具有人工干预的 DevOps 支持 Agent

在 Colab 中打开下载

_{最后更新：2025年5月28日}

笔记本作者：Amna Mubashar

本笔记本演示了 Haystack Agent 在对下一步感到不确定时，如何交互式地请求用户输入。我们将构建一个 Agent 可以动态调用的人工干预工具。当 Agent 遇到歧义或信息不完整时，它会向人类请求更多输入以继续完成任务。

为此，我们将创建一个DevOps 支持 Agent。

CI/CD 流水线偶尔会因难以诊断的原因而失败，包括手动检查：测试失败、配置错误的变量、不稳定的集成等。

支持 Agent 使用 Haystack 工具和 Agent 构建，并将执行以下任务：

检查是否有失败的 CI 工作流
获取构建日志和状态
查找并分析 git 提交
建议后续故障排除步骤
通过人工干预工具升级给人工

安装所需的依赖项

!pip install "haystack-ai>=2.14.0"

接下来，我们配置变量。我们需要为 OpenAIChatGenerator 设置 OPENAI_API_KEY，并设置具有适当权限的 GITHUB_TOKEN 以访问存储库信息、CI 日志和提交历史记录。请确保您的 GitHub Token 对您要分析的存储库具有足够的访问权限。

from getpass import getpass
import os

if not os.environ.get("OPENAI_API_KEY"):
    os.environ["OPENAI_API_KEY"] = getpass("Enter your OpenAI API key:")

if not os.environ.get("GITHUB_TOKEN"):
    os.environ["GITHUB_TOKEN"] = getpass("Enter your GitHub token:")

定义工具

我们首先定义 Agent 将使用的工具。

git_list_commits_tool：获取并格式化给定 GitHub 存储库和分支上的最新提交。
在诊断 CI 故障或代码回归时，可用于快速呈现最新更改。

import os, requests, zipfile, io
from collections import defaultdict
from typing import Annotated, List, Dict, Tuple
from haystack.tools import tool

@tool
def git_list_commits_tool(
    repo: Annotated[
        str, 
        "The GitHub repository in 'owner/name' format, e.g. 'my-org/my-repo'"]
    ,
    branch: Annotated[
        str, 
        "The branch name to list commits from"] = "main"
) -> str:
    '''List the most recent commits for a GitHub repository and branch.'''
    token = os.getenv("GITHUB_TOKEN")
    if not token:
        return "Error: GITHUB_TOKEN not set in environment."

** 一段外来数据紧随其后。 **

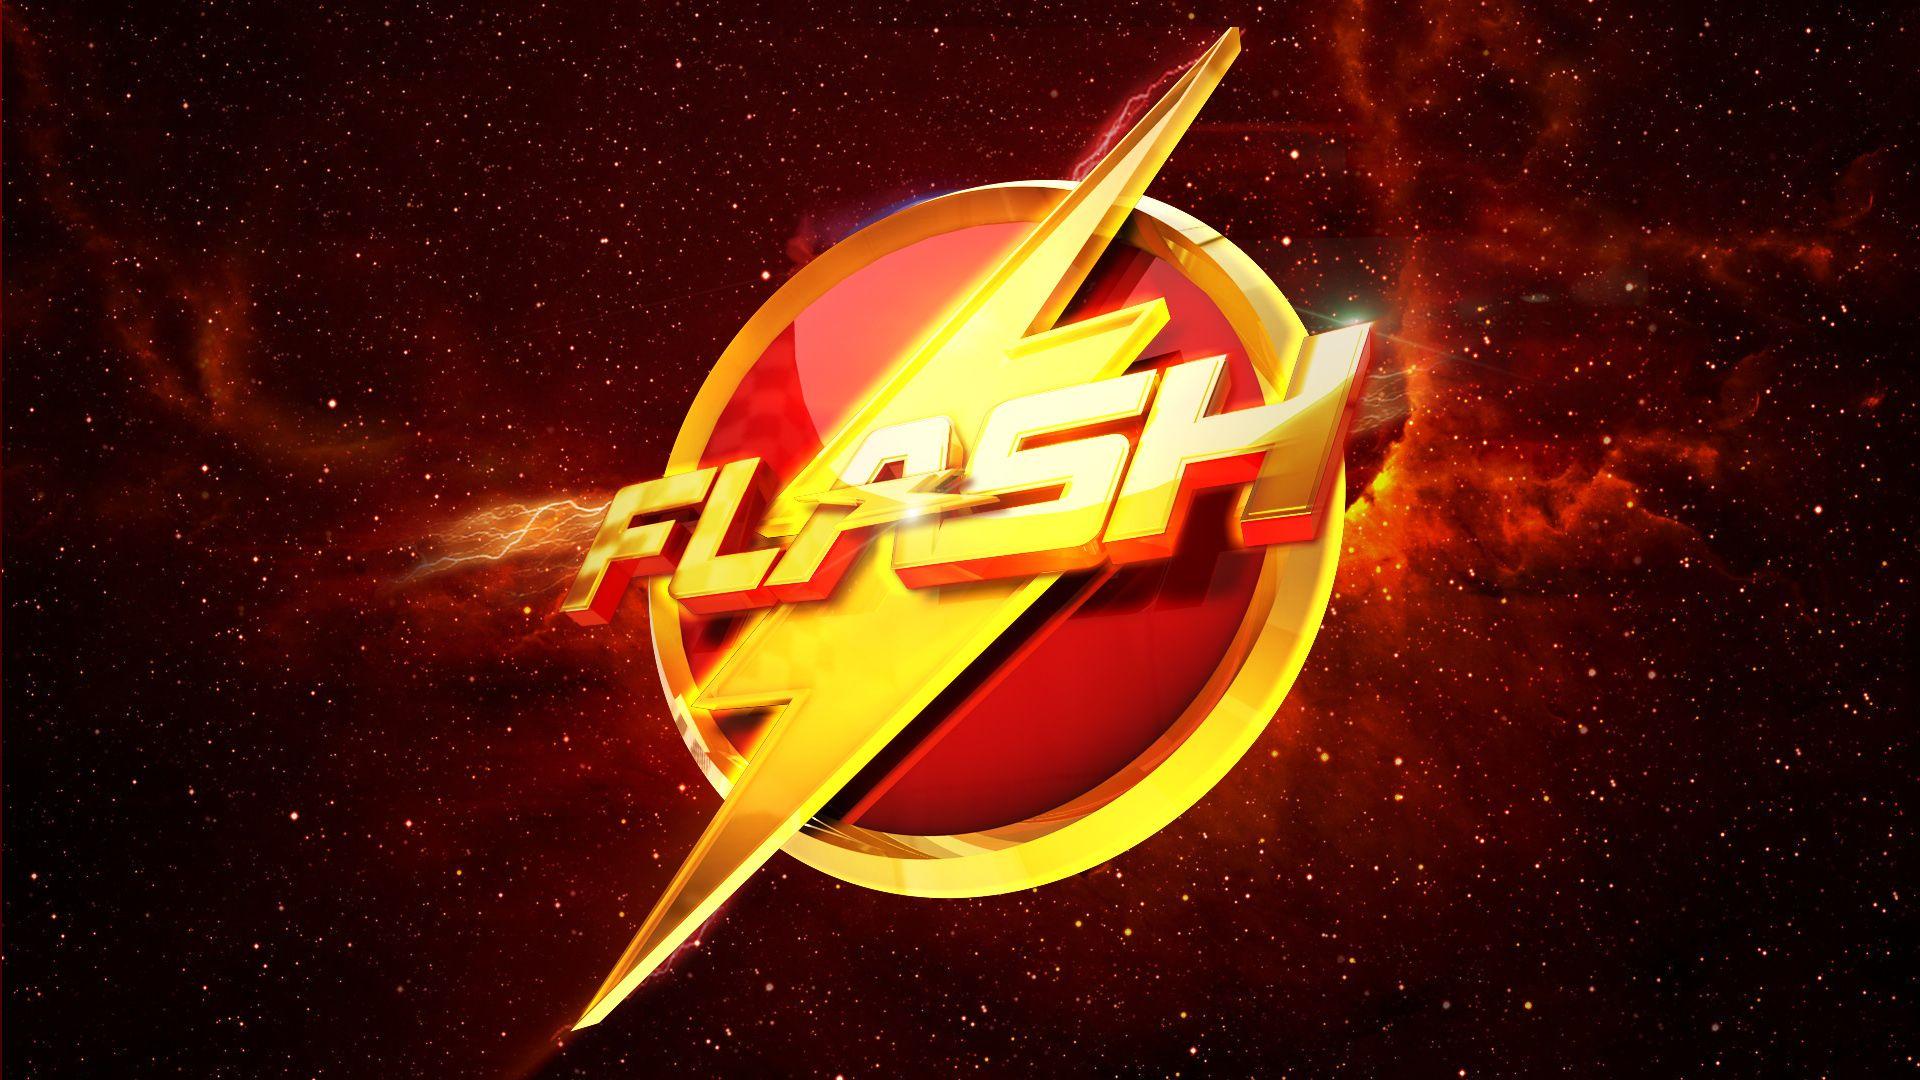 CW The Flash Wallpaper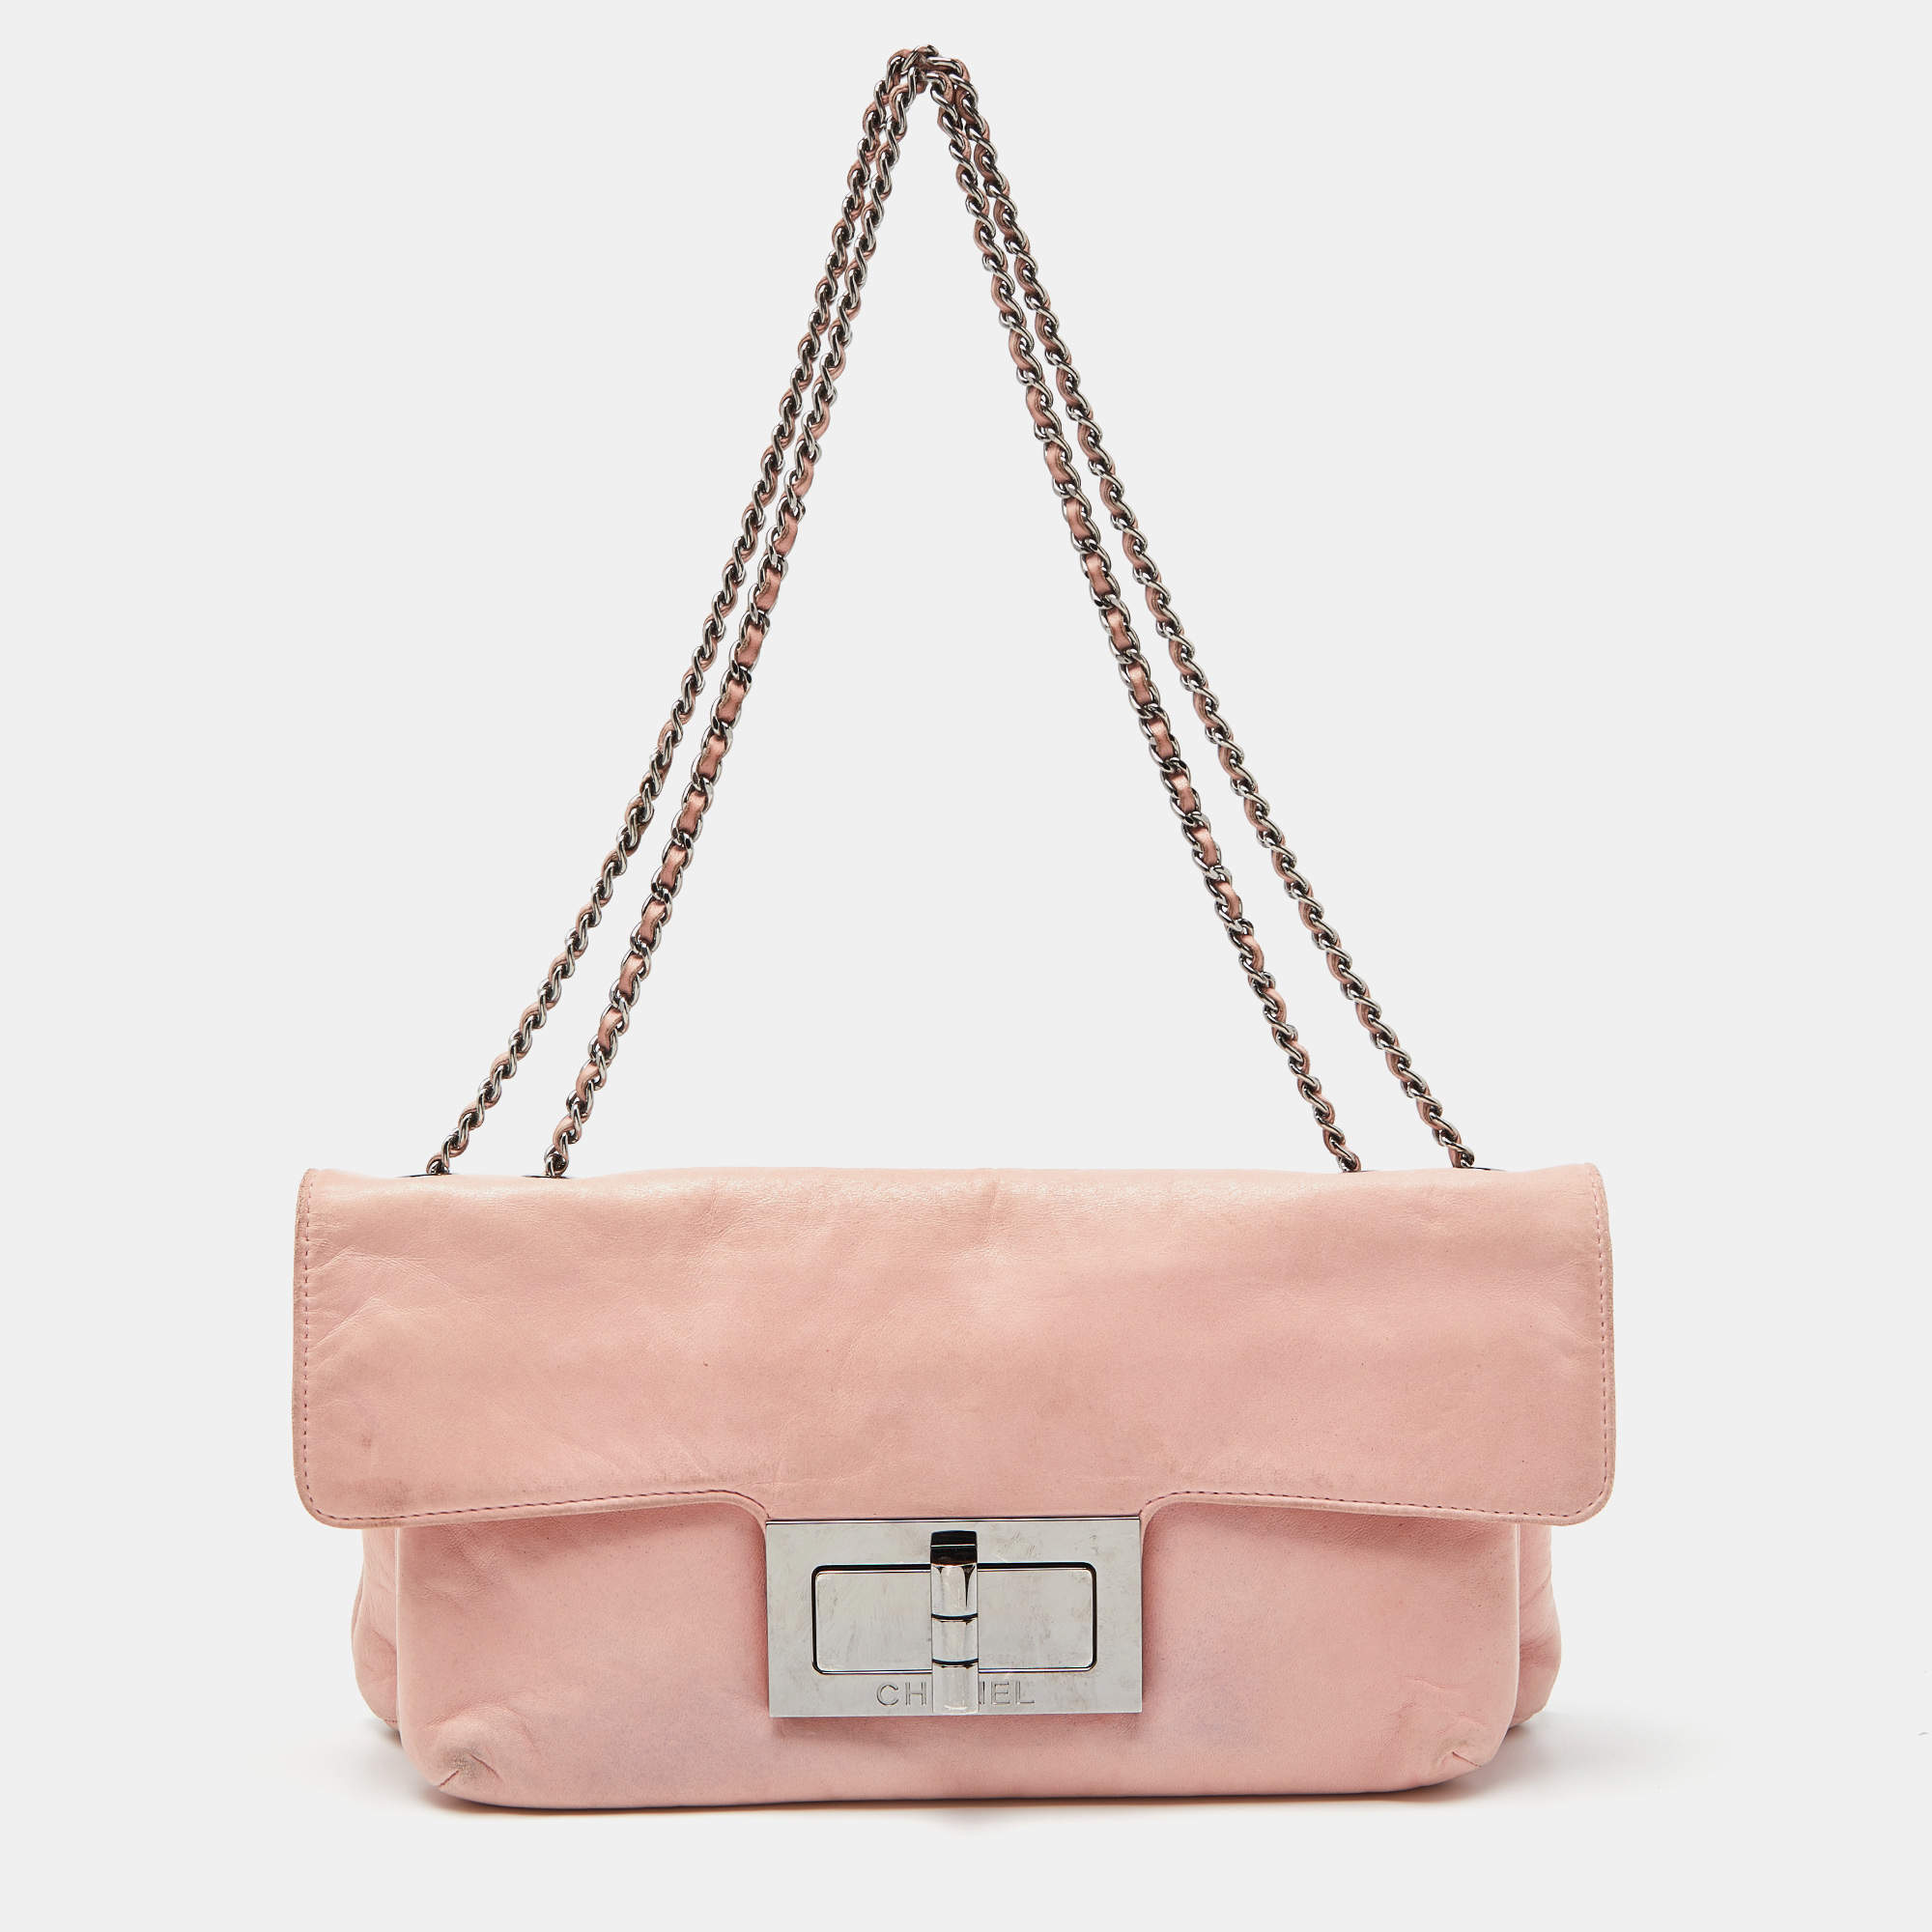 Chanel Pink Leather Mademoiselle Turn Lock Flap Bag

    url = f"https://api.github.com/repos/{repo}/commits"
    headers = {"Authorization": f"token {token}"}
    params = {"sha": branch, "per_page": 10}
    resp = requests.get(url, headers=headers, params=params)
    resp.raise_for_status()
    commits = resp.json()

    lines = []
    for c in commits:
        sha = c["sha"][:7]
        msg = c["commit"]["message"].split("\n")[0]
        lines.append(f"- {sha}: {msg}")
    return "\n".join(lines)

git_diff_tool：检索 GitHub 存储库中两个提交或分支之间的补丁（diff）。
允许并排检查可能导致测试失败的代码更改。

@tool
def git_commit_diff_tool(
    repo: Annotated[
        str, 
        "The GitHub repository in 'owner/name' format, e.g. 'my-org/my-repo'"]
    ,
    base: Annotated[
        str, 
        "The base commit SHA or branch name"]
    ,
    head: Annotated[
        str, 
        "The head commit SHA or branch name"]
) -> str:
    '''Get the diff (patch) between two commits or branches in a GitHub repository.'''
    token = os.getenv("GITHUB_TOKEN")
    if not token:
        return "Error: GITHUB_TOKEN not set in environment."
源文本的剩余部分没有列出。